**** Provided data
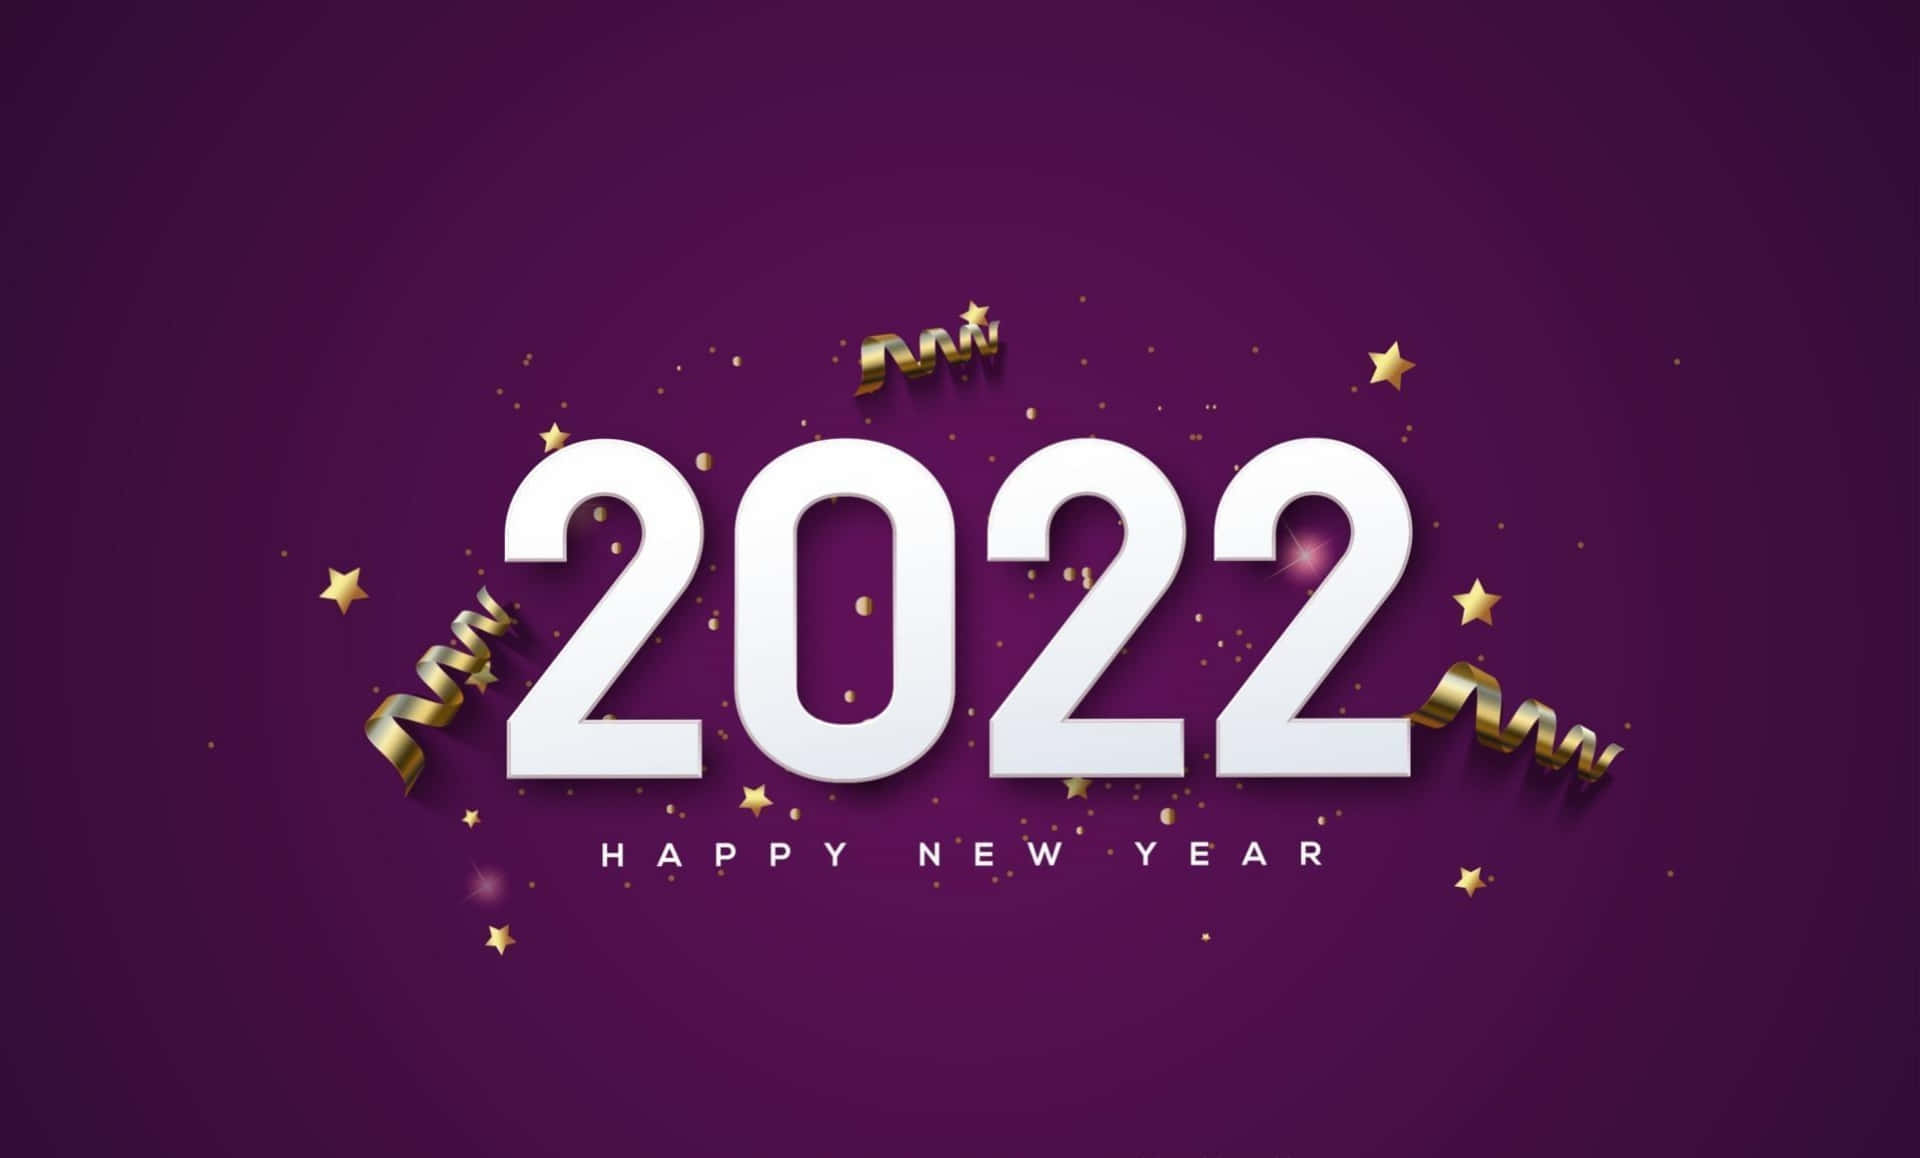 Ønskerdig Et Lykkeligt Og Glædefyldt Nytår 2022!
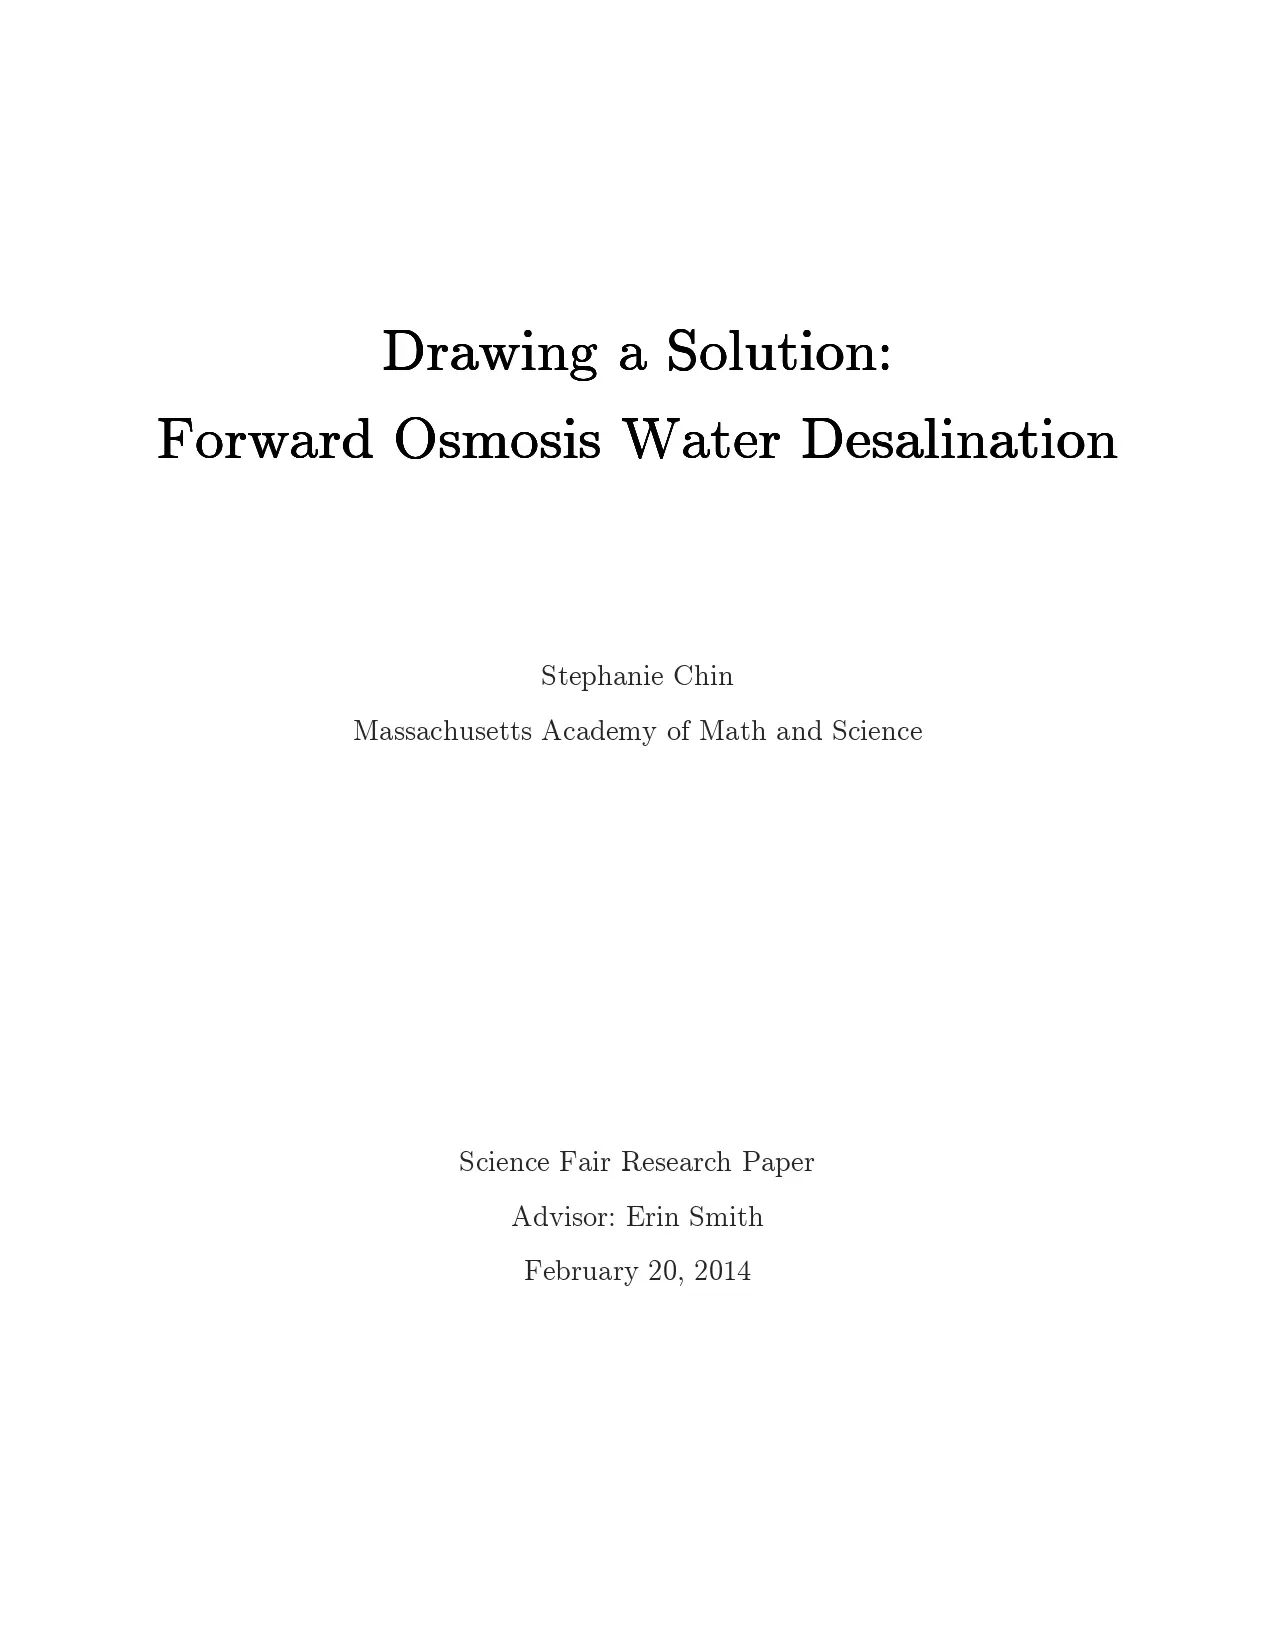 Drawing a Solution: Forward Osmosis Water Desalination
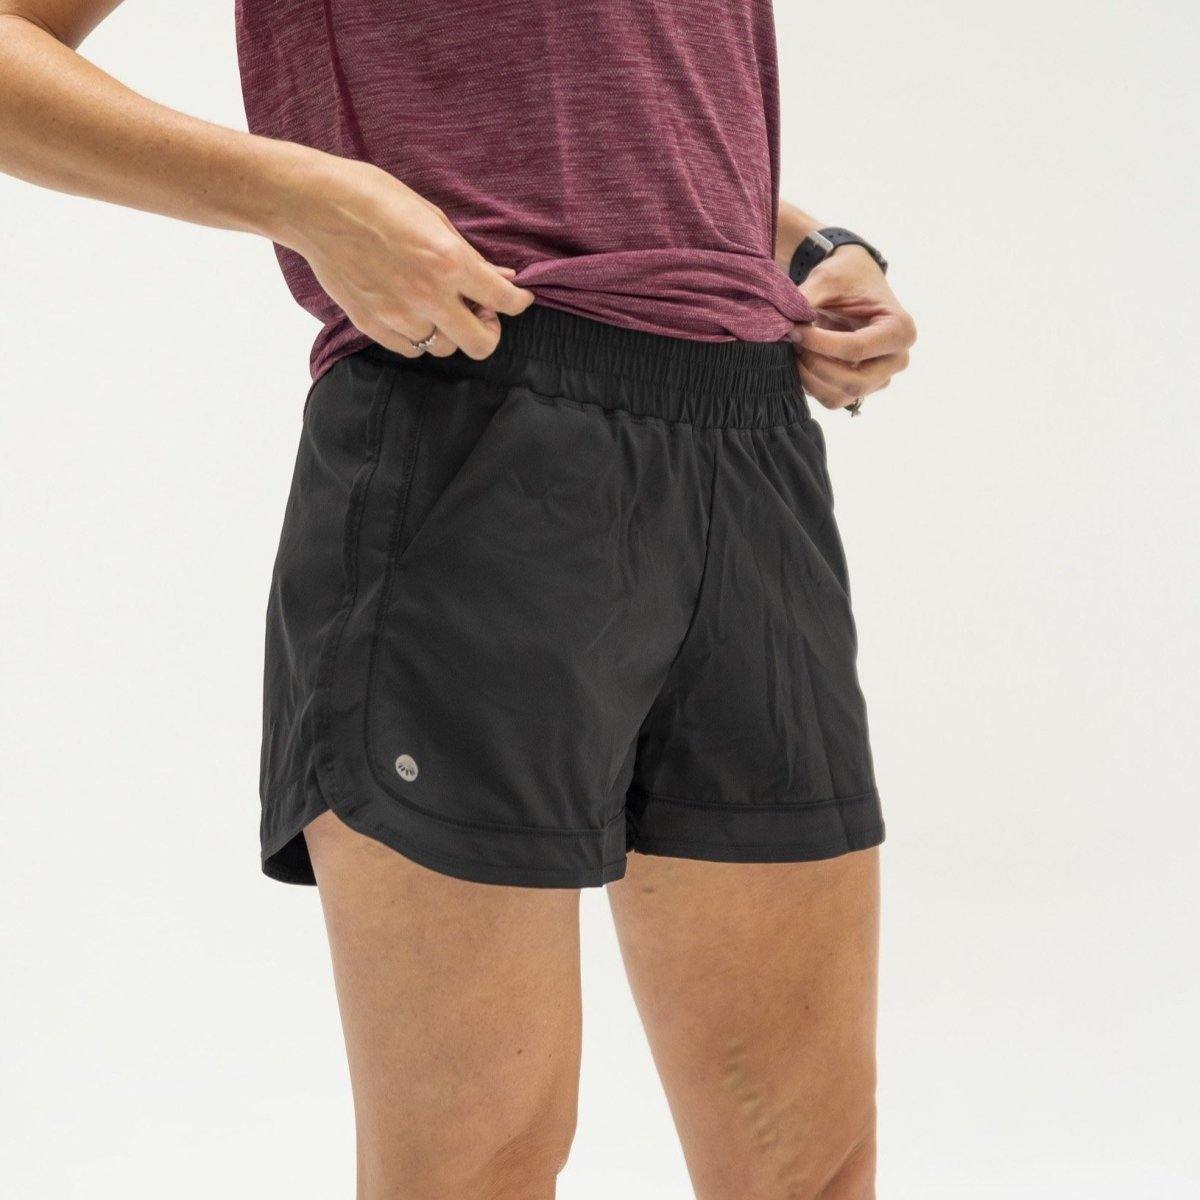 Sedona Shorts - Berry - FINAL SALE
********
Activity: In the answer, retype exactly and only the lines from the one holding "Drawing a Solution: Forward" through the end of the listing, keeping both ends and dropping every picture.

Output for this task:
 Drawing a Solution: Forward Osmosis Water Desalination
 Sedona Shorts - Berry - FINAL SALE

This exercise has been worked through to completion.